I'd like to focus on the definition of “grievous and irremediable”, and I'll start with proposed paragraph 241.2(2)(a). What is the difference between “irremediable” and “incurable”? When you say the word “incurable”, what comes to mind is that there could be a cure—for example, if someone had cancer and was required to go through several rounds of chemotherapy—but that the treatment in and of itself might cause enduring physical and psychological suffering. Can you explain that definition, and whether it meets the criteria set forth in the Carter decision?

6:05 p.m.

Deputy Minister of Justice and Deputy Attorney General of Canada, Department of Justice

William F. Pentney

First of all, the term “grievous and irremediable” is not a term that is littered throughout either the criminal law or medical practice. It's not generally been defined, and it's not defined by the Supreme Court of Canada decision.

Nonetheless, it's clearly not meant to apply to transient conditions. As the court notes, and as was noted by ministers earlier, individuals through this bill still have the right to refuse treatment they find unacceptable. It's meant to distinguish between conditions that are transient and conditions that are not. It is not meant to signify that an individual has to take treatment that they find unacceptable to themselves. As was said earlier, the bill must be read as a totality.

6:05 p.m.

Liberal

Chris Bittle Liberal St. Catharines, ON

Is there something in the bill itself that speaks to that particular point or is that just a legal interpretation of what's here?

6:10 p.m.

Deputy Minister of Justice and Deputy Attorney General of Canada, Department of Justice

William F. Pentney

In particular, you referred to paragraph (a) and the wording “serious and incurable”. Paragraph (c) makes it clear that the suffering is intolerable and cannot be relieved under conditions that they consider acceptable, which is a slightly different formulation than the one used by the Supreme Court.

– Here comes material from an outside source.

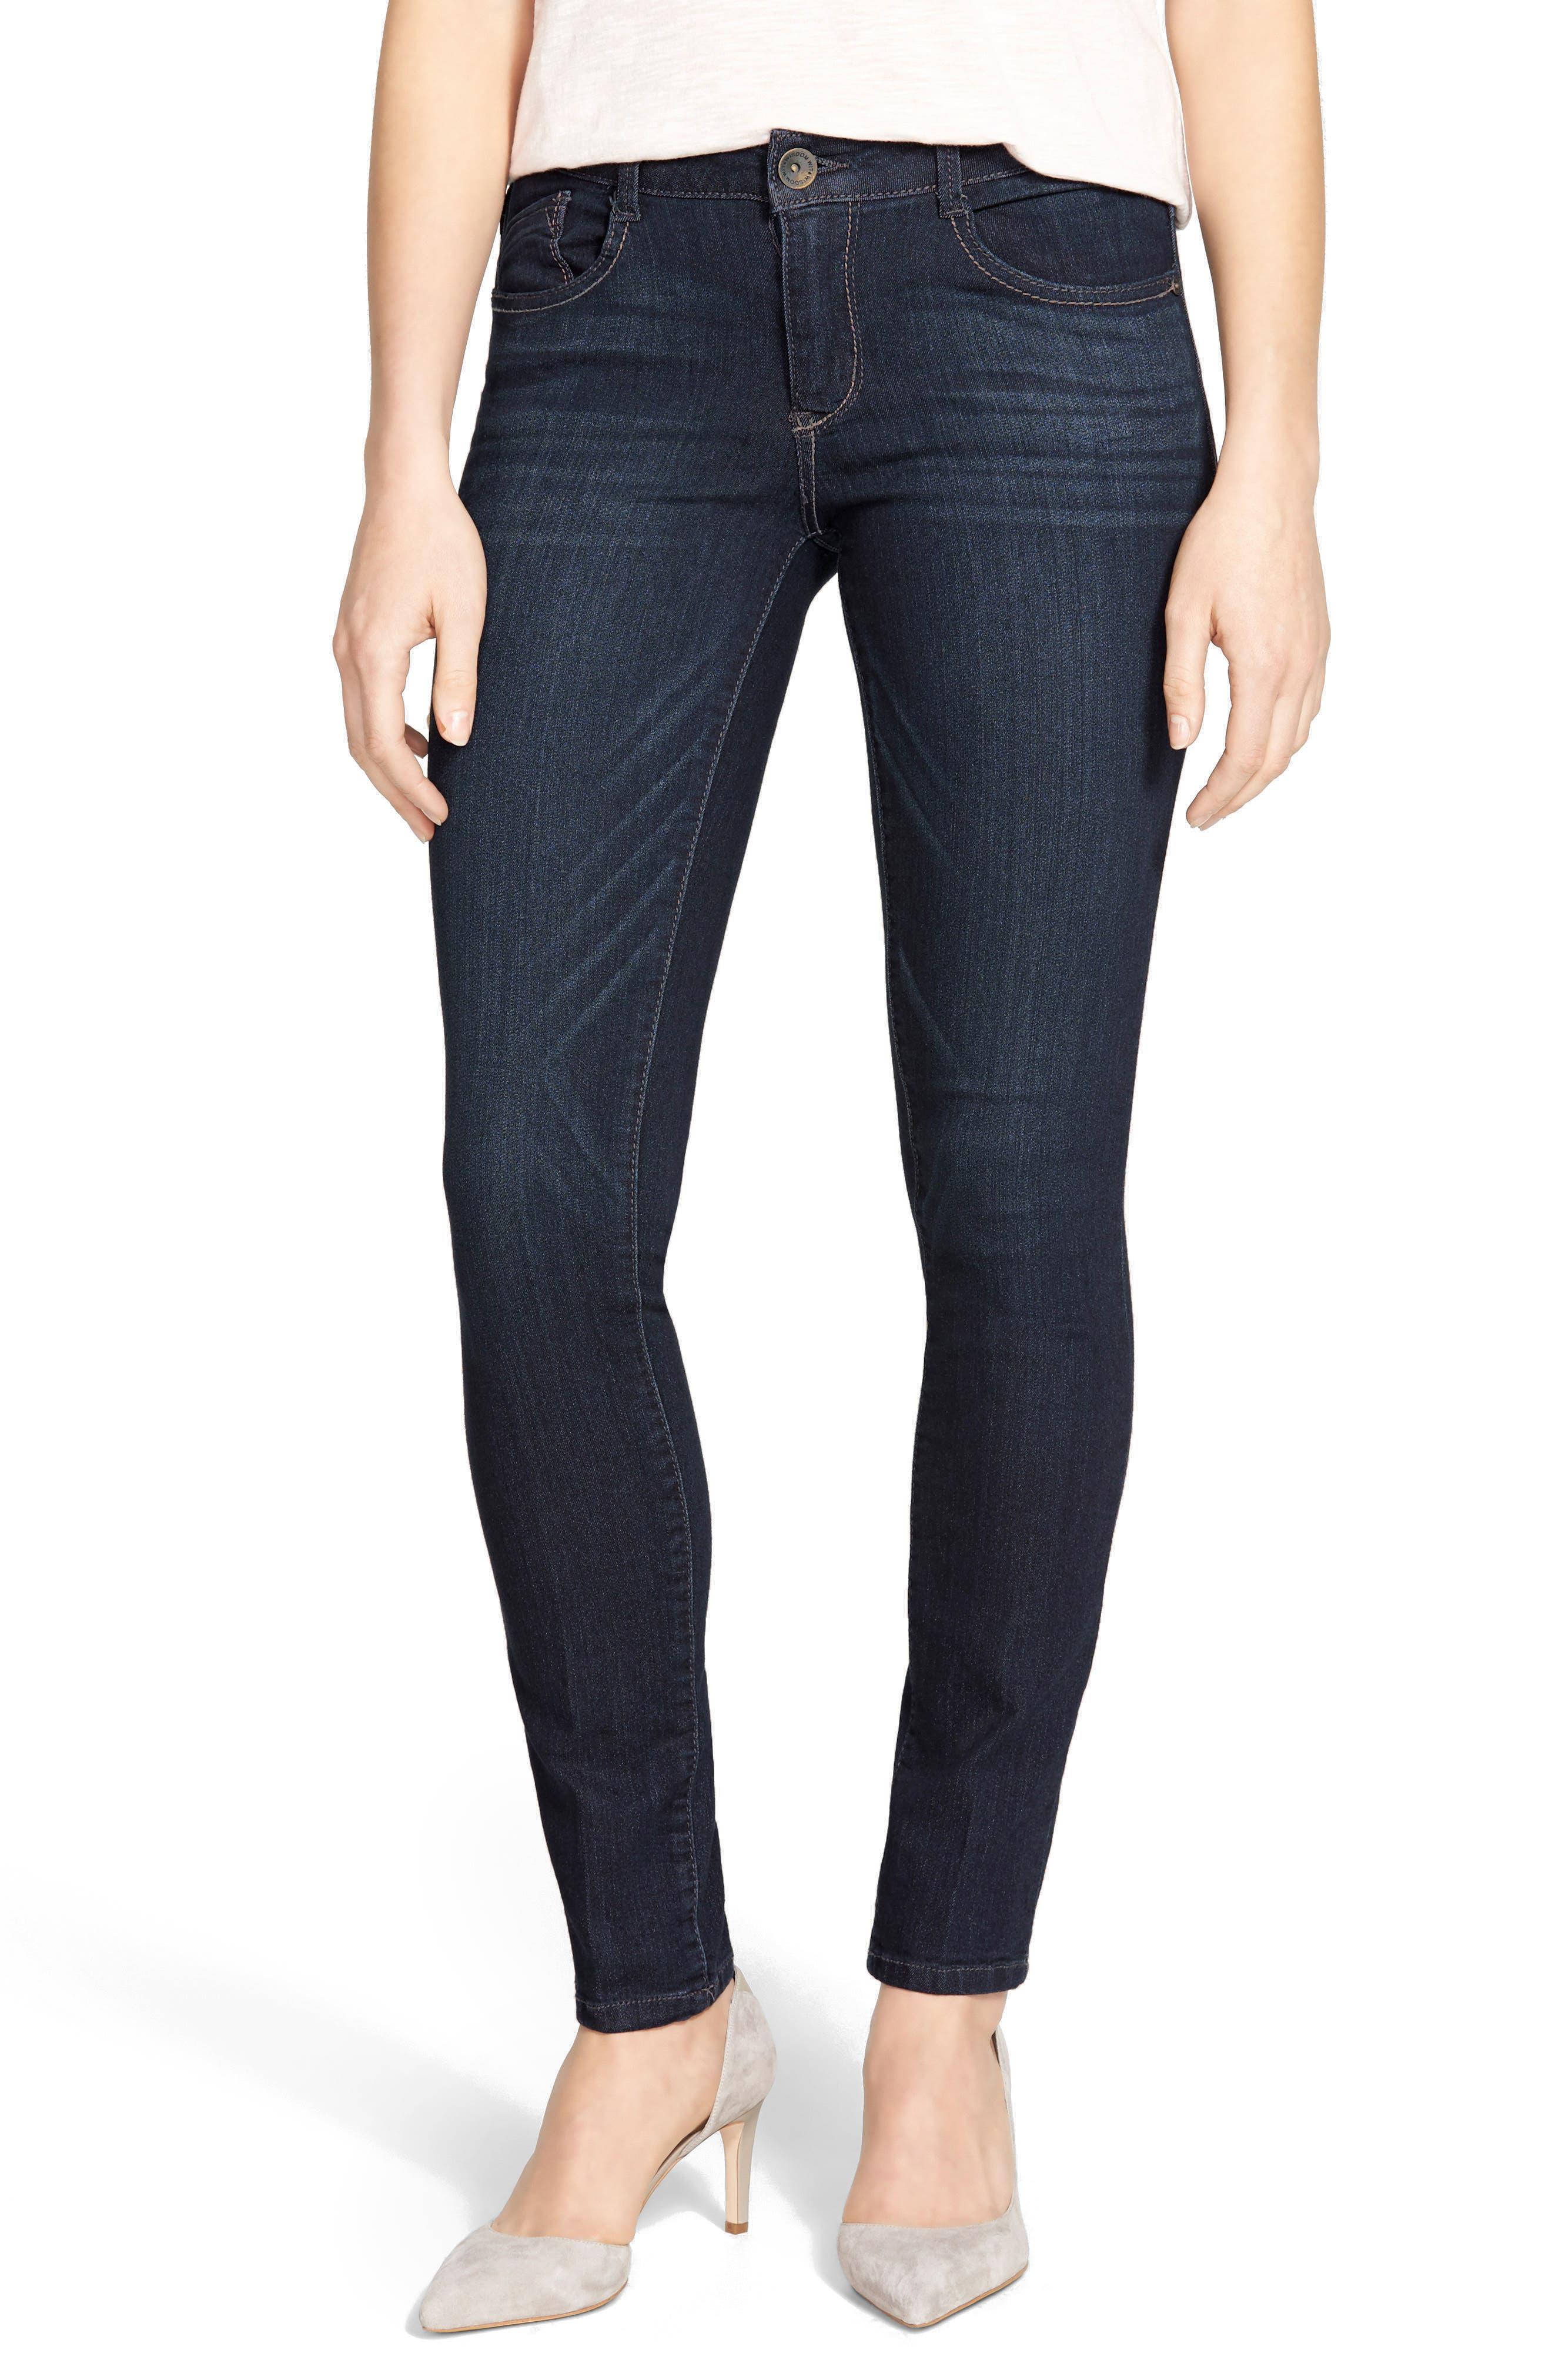 WIT & WISDOM Super Smooth Stretch Denim Skinny Jeans, Main, color, DARK NAVY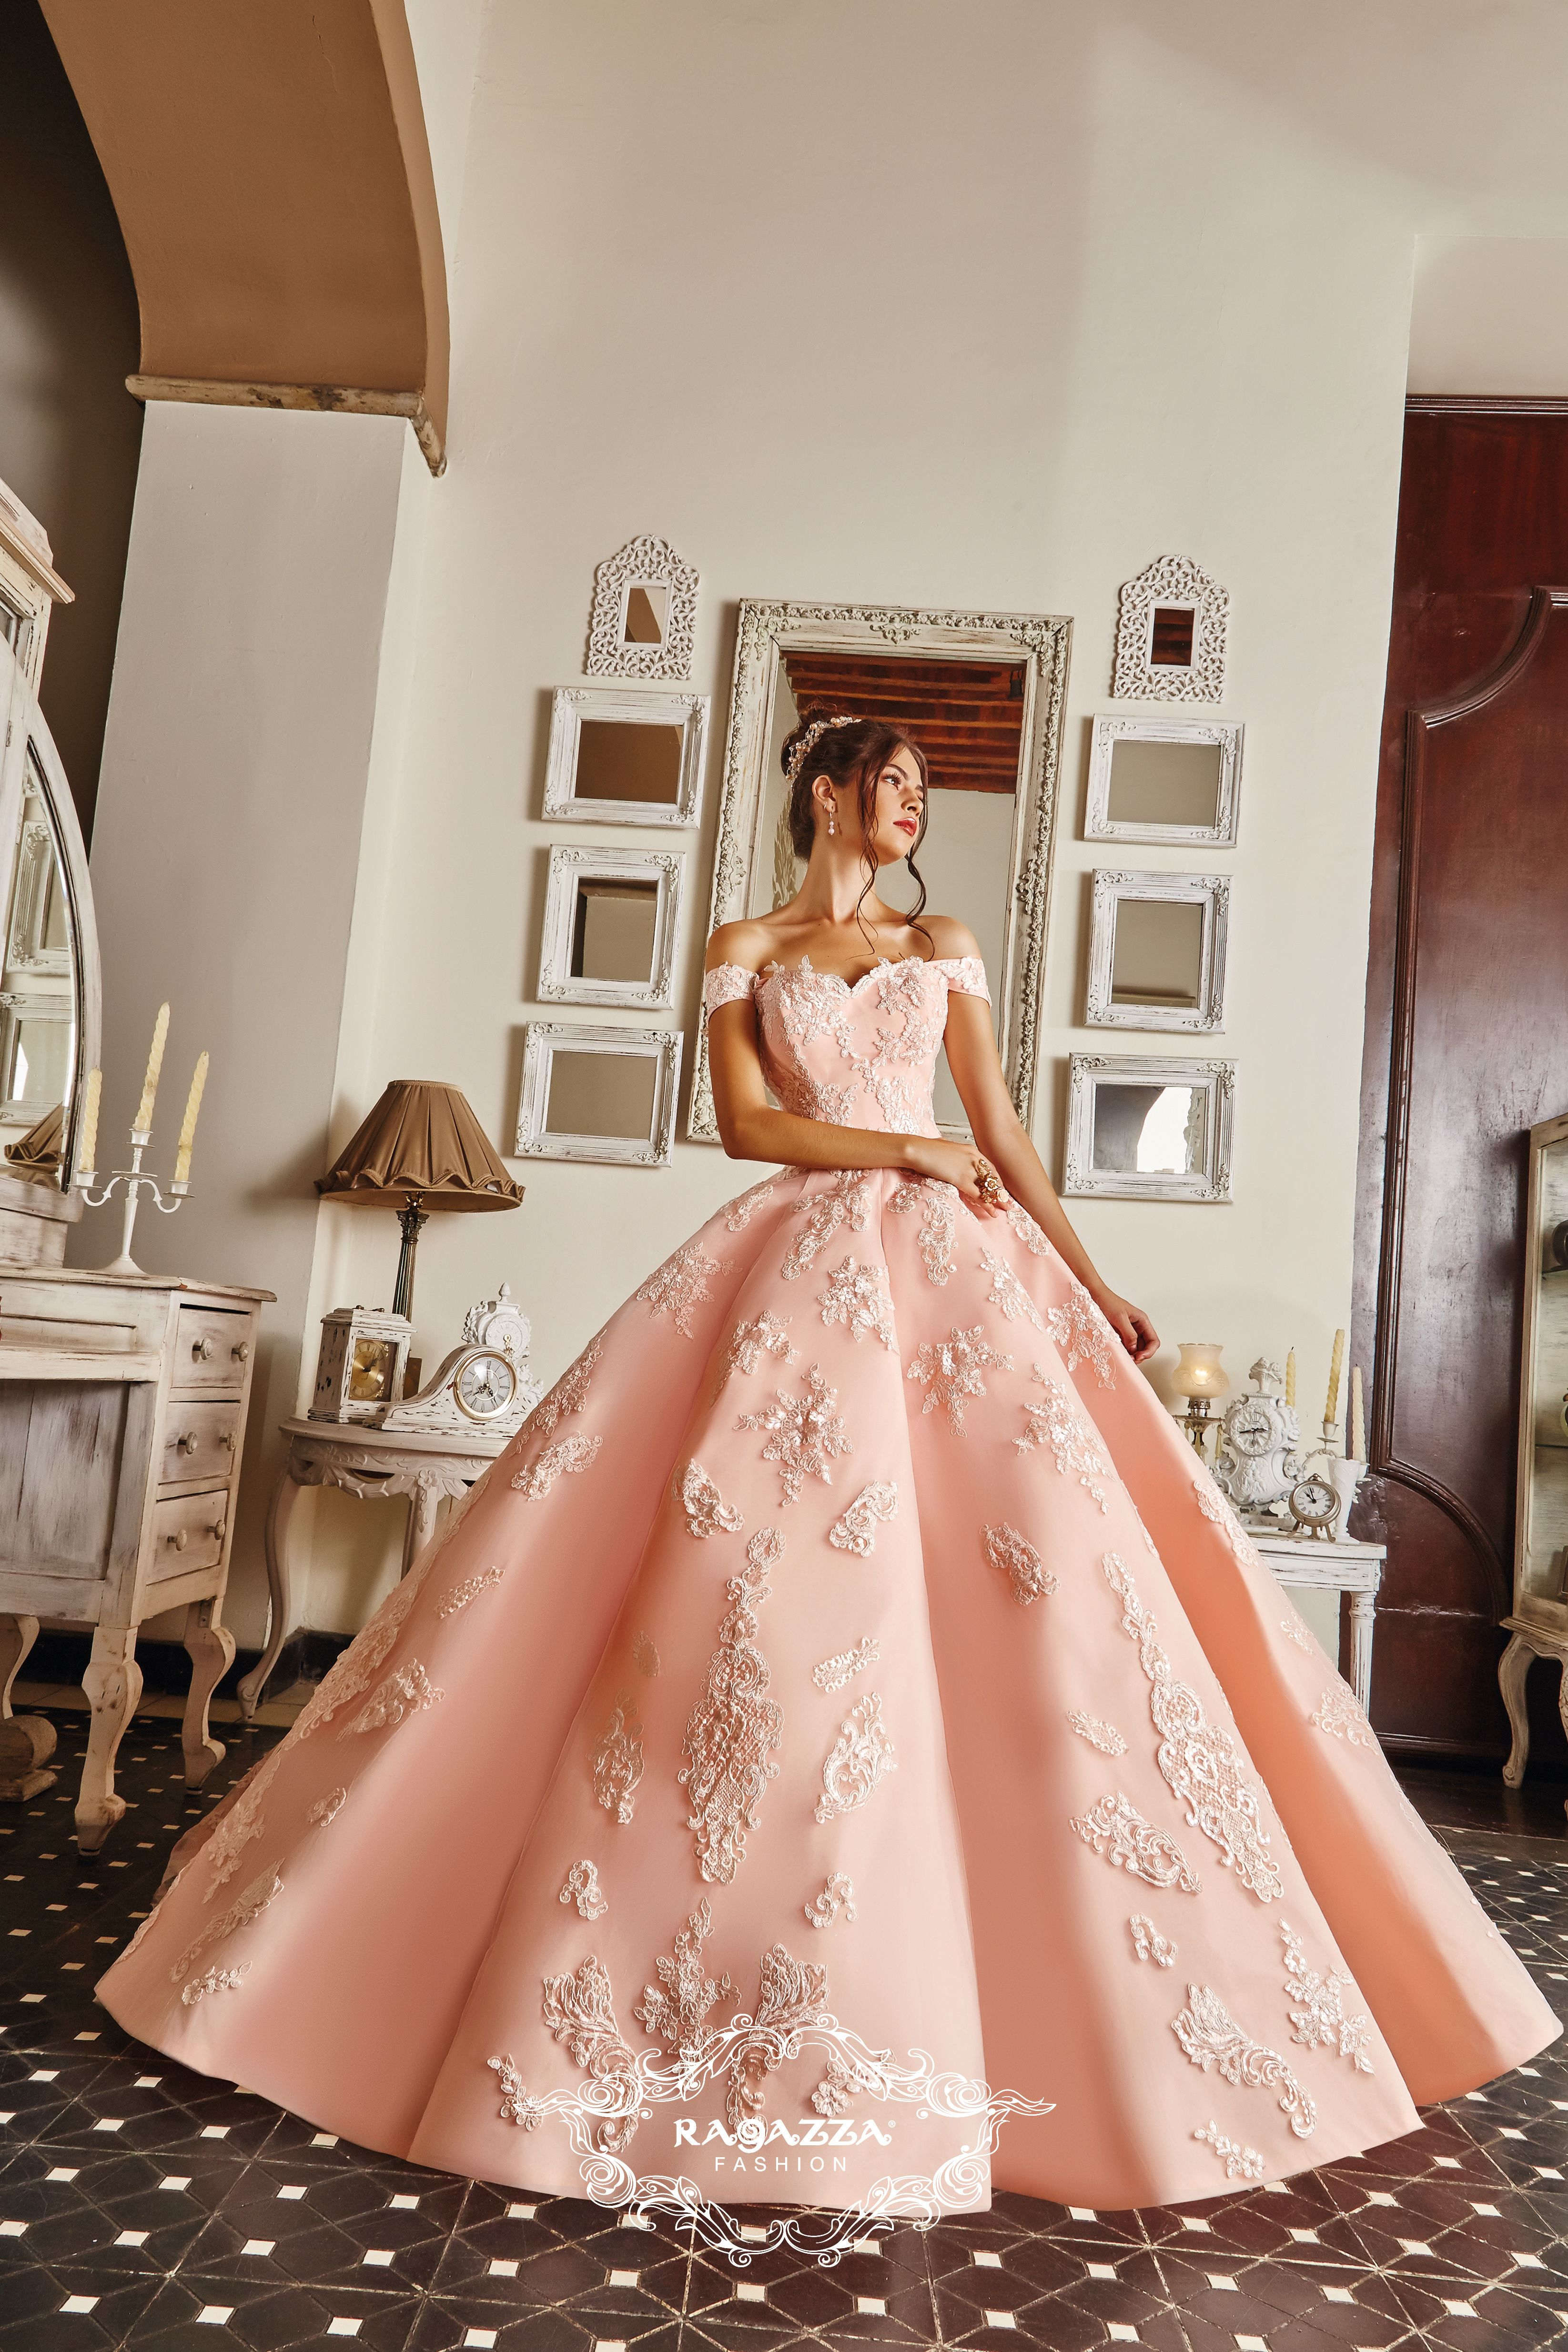 Pin By Sara Caroline On Pastelitos Quince Dresses Quincenera Dresses Quinceanera Dresses Pink [ 4937 x 3291 Pixel ]

However, it actually tracks quite closely with the formulation of the court that an individual may have, as you say, a condition that is otherwise medically curable. Some people may choose to have treatment that's almost unimaginable in the grief and suffering it causes them, but will continue with that treatment. Others may find that the treatment that is available to them causes them suffering that is intolerable, and by paragraph (c), it's clear that it's their choice and the law does not in any way impair or affect that choice.